R. – Ormai noi siamo stufi e indignati nel contare morti in mare. Abbiamo più volte ripetuto – anche la settimana scorsa – che c’è bisogno di un’operazione - che sia europea, che sia per mano dell’Onu, che sia solamente italiana - che veramente, come "Mare Nostrum", salvi queste vite, perché se continuiamo a discutere su chi dovrà fare questa operazione, io credo che nelle prossime settimane e nei prossimi mesi si ripeteranno tragedie di questo tipo, e noi non vogliamo più che questo accada.

D. – L’appello fortissimo alla comunità internazionale arriva oggi anche da Papa Francesco al Regina Caeli. La Chiesa ancora una volta lancia il suo grido per queste persone che – come ha ricordato il Papa – vengono a cercare una vita migliore…

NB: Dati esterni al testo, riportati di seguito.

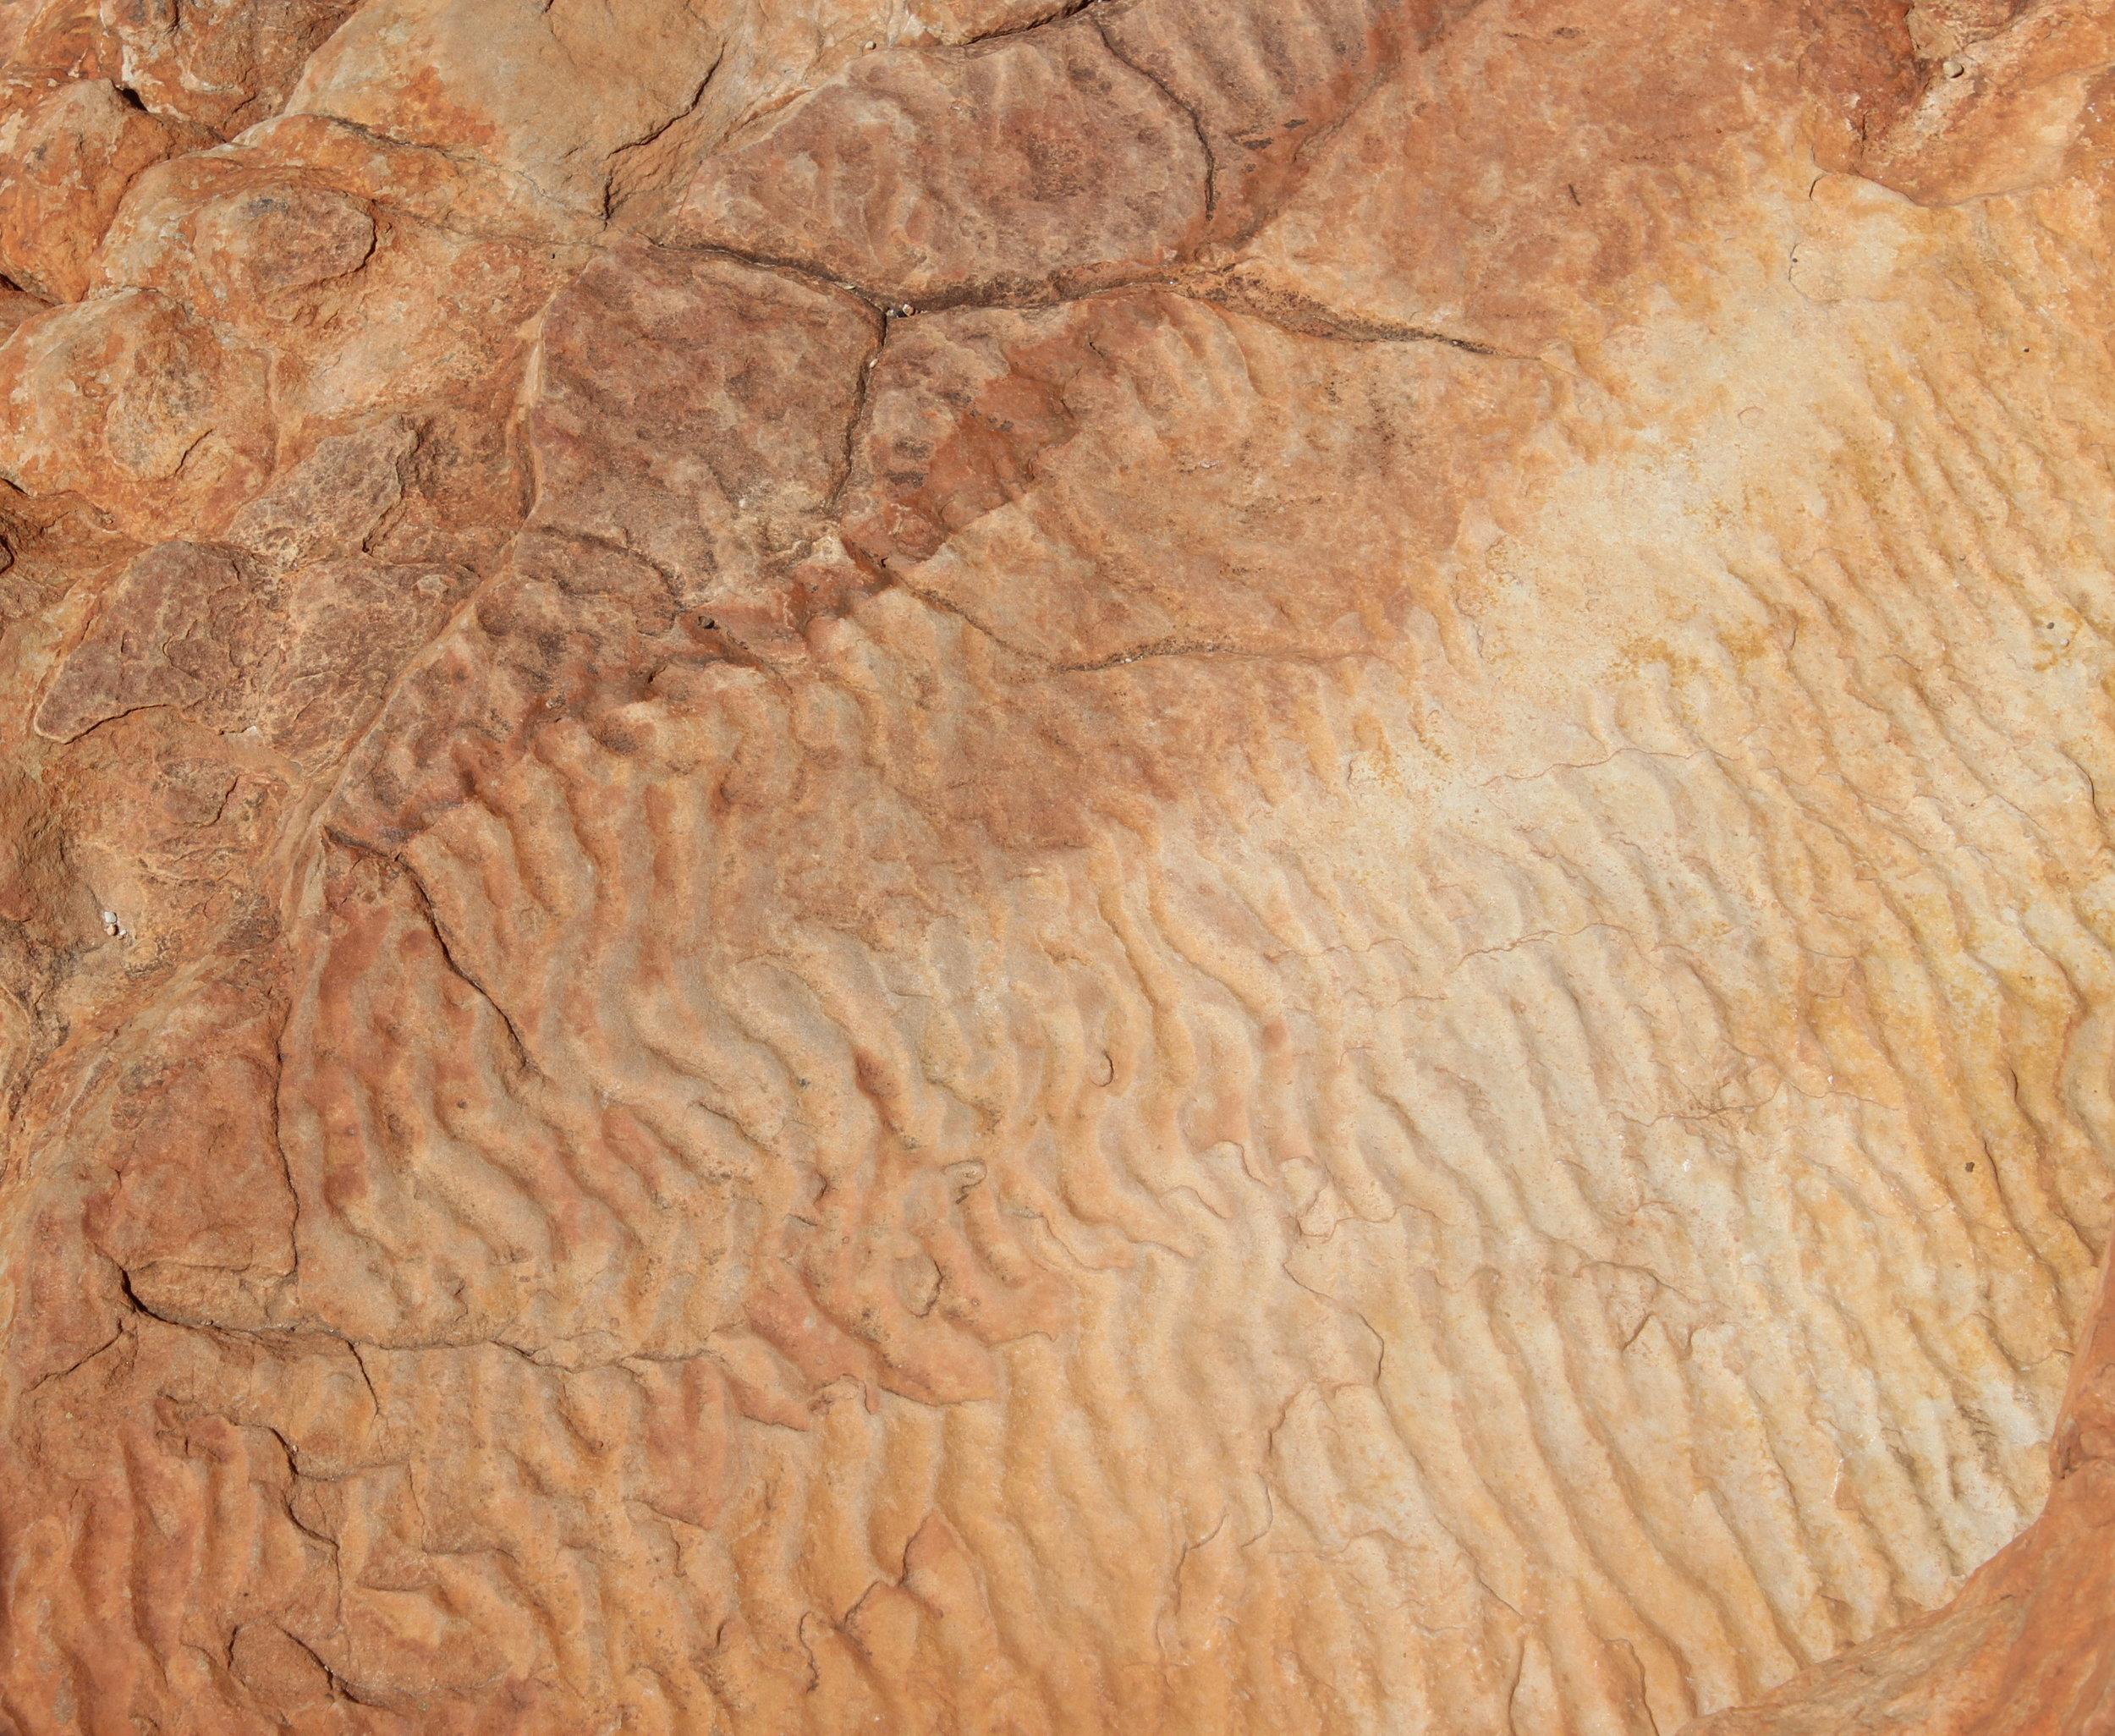 Tidal mark, Kings Canyon inside Watarrka National Park, Northern Territory, Australia.

R. – Ma certo, Papa Francesco sin da quando, due anni fa, si è recato a Lampedusa ha avuto sempre questo tema molto chiaro e lucidamente aveva già tracciato la via che andava seguita per cercare di gestire in maniera umana, dignitosa e soprattutto cristiana questo fenomeno. Purtroppo le sue parole sono rimaste fino ad oggi inascoltate e qualcuno dovrà prendersi la responsabilità di quello che sta accadendo. E credo siano molte persone.

D. – La Caritas continua ad essere in prima linea sul fronte dell’accoglienza. In quetsi giorni la Sicilia e le coste del Sud Italia sono veramente oggetto di sbarchi continui. Com’è la situazione a fronte di questa nuova tragedia? 

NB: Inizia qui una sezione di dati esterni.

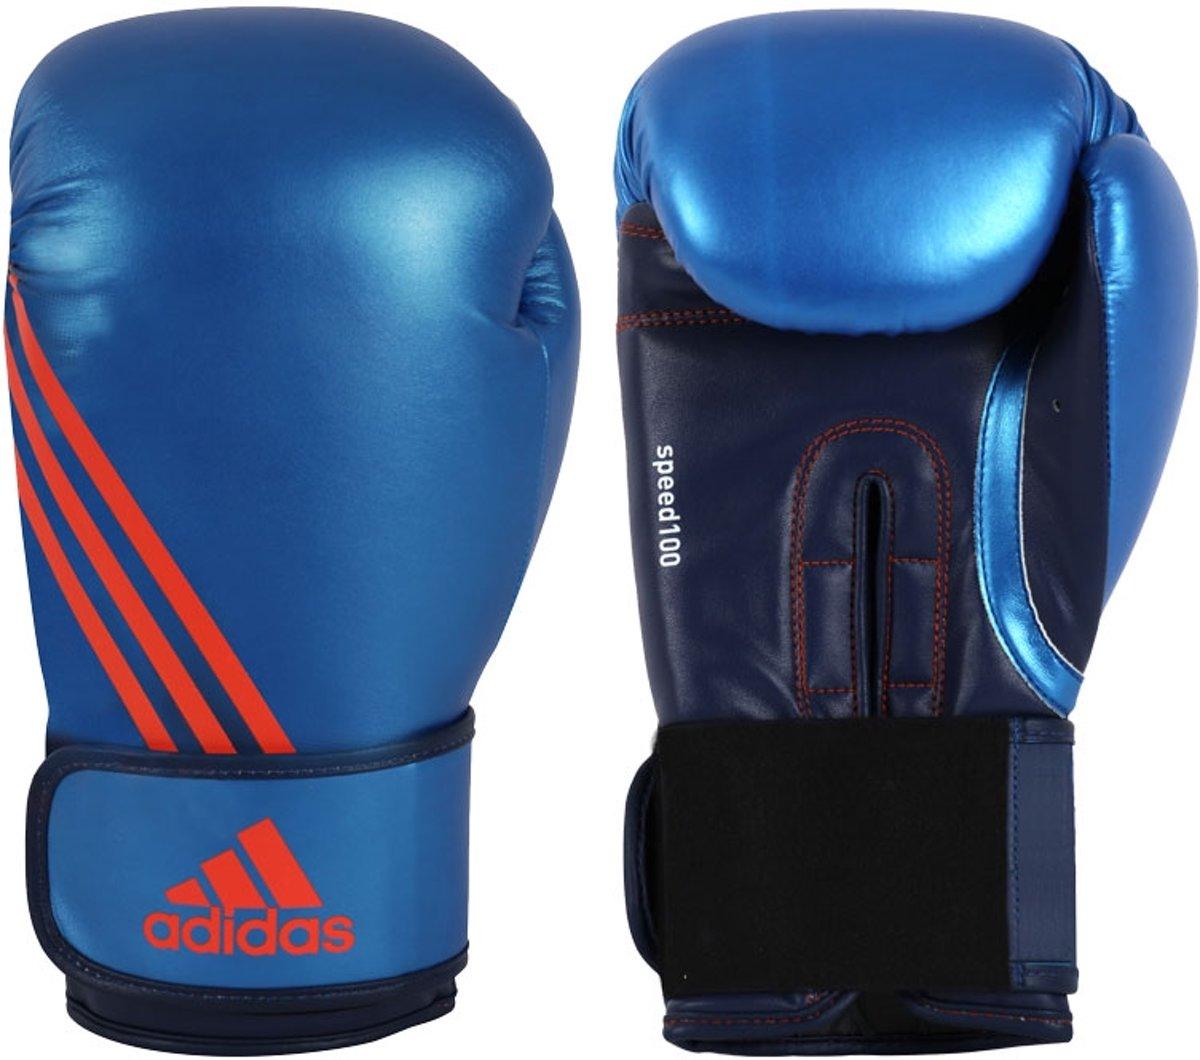 Adidas Speed 100 (Kick)Bokshandschoenen Blauw - 6 oz

R. – La situazione è preoccupante, perché chiaramente i flussi aumentano, anche qui secondo un trend che avevamo ampiamente previsto, ma rispetto al quale non ci si è riusciti nuovamente ad organizzare. Oggi si sta tentando, insieme anche al governo italiano, di predisporre tutte le misure adeguate per cercare di garantire appunto un’accoglienza dignitosa a persone che spesso provengono anche da situazioni come quella di questa notte, per cui non sono semplici profughi, ma naufraghi, gente che ha visto la morte con i propri occhi, ha visto morire i propri cari. Quindi vi assicuro che in questo caso l’accoglienza non è quella che ci si immagina solitamente – un pasto caldo e un letto – ma c’è molto di più da fare.

D. – Con Triton è cambiato tutto, perché ci troviamo di fronte a queste nuove tragedie…

R. – E’ chiaro, quando si diceva che l’operazione Triton sarebbe stata una "Mare Nostrum" europea, chi lo ha detto – e noi sappiamo bene che è stato in quella occasione – ha nascosto a tutti il fatto che - e per noi era abbastanza chiaro, essendo tecnici della materia – ci trovavamo di fronte ad un’operazione con un mandato completamente diverso: un mandato di controllo molto limitato nella area operativa. Tutto questo, quindi, avrebbe portato ed ha portato chiaramente a indebolire il sistema di salvataggio in mare, così appunto come è avvenuto. Per cui i tempi per spostare i mercantili in zona, per tentare di salvare queste imbarcazioni sono molto più lunghi, non sono attrezzati… Insomma, tutta una serie di questioni – ripeto – di ordine più tecnico, che nei fatti però si traducono in morti in mare.